[Supplied records — start]

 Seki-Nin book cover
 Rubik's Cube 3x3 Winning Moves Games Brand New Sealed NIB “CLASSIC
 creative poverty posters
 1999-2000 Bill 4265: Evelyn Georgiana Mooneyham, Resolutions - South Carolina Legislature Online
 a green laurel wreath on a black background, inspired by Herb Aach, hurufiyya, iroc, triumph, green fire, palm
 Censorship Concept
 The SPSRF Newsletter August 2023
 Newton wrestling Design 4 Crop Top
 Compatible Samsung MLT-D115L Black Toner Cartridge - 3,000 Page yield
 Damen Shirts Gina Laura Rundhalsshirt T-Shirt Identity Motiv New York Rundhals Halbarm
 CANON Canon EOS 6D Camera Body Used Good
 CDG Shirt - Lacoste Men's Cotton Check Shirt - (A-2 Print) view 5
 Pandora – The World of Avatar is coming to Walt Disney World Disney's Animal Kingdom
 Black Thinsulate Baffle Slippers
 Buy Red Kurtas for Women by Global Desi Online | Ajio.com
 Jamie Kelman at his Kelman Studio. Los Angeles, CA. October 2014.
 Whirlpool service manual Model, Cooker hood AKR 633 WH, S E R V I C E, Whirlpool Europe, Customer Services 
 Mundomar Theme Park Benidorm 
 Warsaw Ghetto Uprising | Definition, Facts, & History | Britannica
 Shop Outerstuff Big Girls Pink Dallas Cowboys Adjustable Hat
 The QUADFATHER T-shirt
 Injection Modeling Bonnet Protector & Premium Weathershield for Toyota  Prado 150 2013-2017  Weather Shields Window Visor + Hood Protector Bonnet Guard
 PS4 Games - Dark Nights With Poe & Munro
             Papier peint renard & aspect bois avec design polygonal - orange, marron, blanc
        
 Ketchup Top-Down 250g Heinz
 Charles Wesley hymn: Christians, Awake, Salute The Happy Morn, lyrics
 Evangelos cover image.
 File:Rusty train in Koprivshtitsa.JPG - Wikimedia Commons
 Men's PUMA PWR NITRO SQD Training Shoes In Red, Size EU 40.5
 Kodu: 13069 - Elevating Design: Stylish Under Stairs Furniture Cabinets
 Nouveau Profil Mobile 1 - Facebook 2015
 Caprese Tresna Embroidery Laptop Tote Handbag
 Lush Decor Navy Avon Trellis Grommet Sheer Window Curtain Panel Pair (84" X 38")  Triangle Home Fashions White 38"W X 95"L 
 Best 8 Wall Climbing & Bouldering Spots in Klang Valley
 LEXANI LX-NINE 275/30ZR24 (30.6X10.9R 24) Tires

[Supplied records — finish]

[Task description]:
Quote, without any change, each line from the one that contains "Ketchup Top-Down 250g Heinz" through the end of the material.

[Solved exercise]:
 Ketchup Top-Down 250g Heinz
 Charles Wesley hymn: Christians, Awake, Salute The Happy Morn, lyrics
 Evangelos cover image.
 File:Rusty train in Koprivshtitsa.JPG - Wikimedia Commons
 Men's PUMA PWR NITRO SQD Training Shoes In Red, Size EU 40.5
 Kodu: 13069 - Elevating Design: Stylish Under Stairs Furniture Cabinets
 Nouveau Profil Mobile 1 - Facebook 2015
 Caprese Tresna Embroidery Laptop Tote Handbag
 Lush Decor Navy Avon Trellis Grommet Sheer Window Curtain Panel Pair (84" X 38")  Triangle Home Fashions White 38"W X 95"L 
 Best 8 Wall Climbing & Bouldering Spots in Klang Valley
 LEXANI LX-NINE 275/30ZR24 (30.6X10.9R 24) Tires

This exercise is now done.